PROVIDED DATA:
________________________
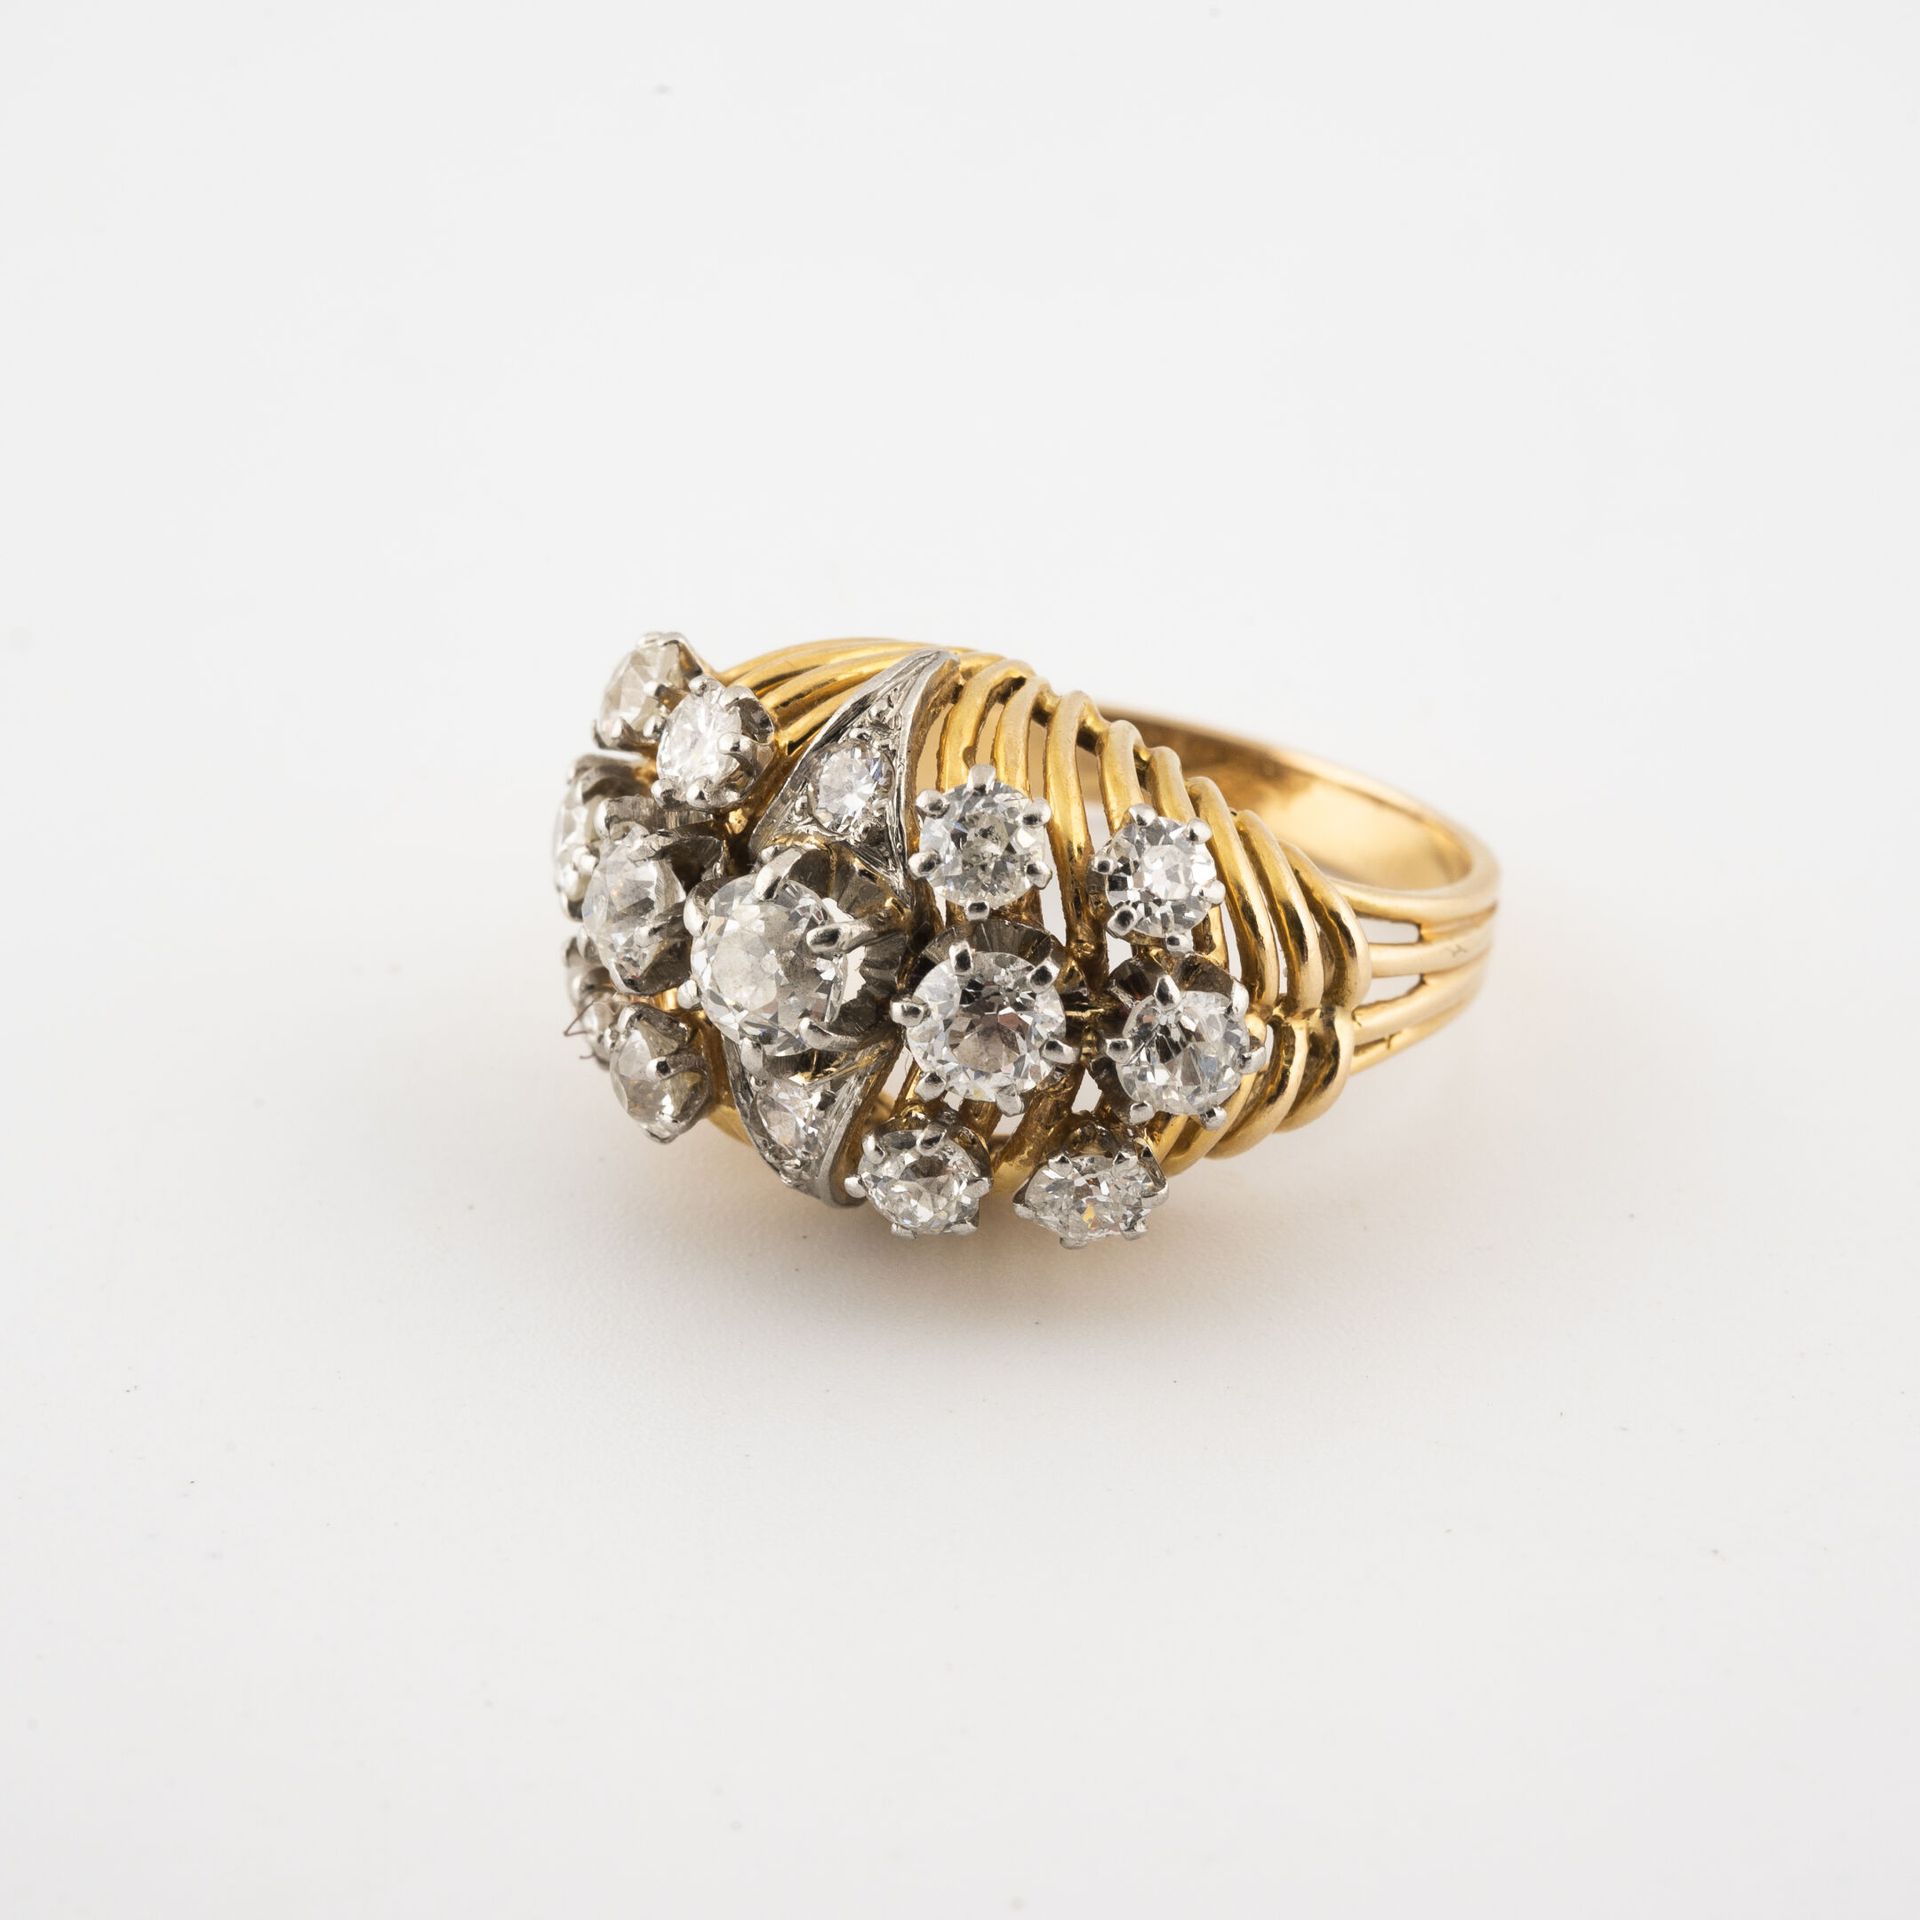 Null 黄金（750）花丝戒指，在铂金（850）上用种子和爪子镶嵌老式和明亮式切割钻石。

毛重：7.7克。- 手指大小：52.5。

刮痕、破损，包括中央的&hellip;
________________________
PROBLEM STATEMENT:
Set the pictures aside and reproduce the data above exactly.

RESPONSE TO THE EXERCISE:
 Null 黄金（750）花丝戒指，在铂金（850）上用种子和爪子镶嵌老式和明亮式切割钻石。

毛重：7.7克。- 手指大小：52.5。

刮痕、破损，包括中央的&hellip;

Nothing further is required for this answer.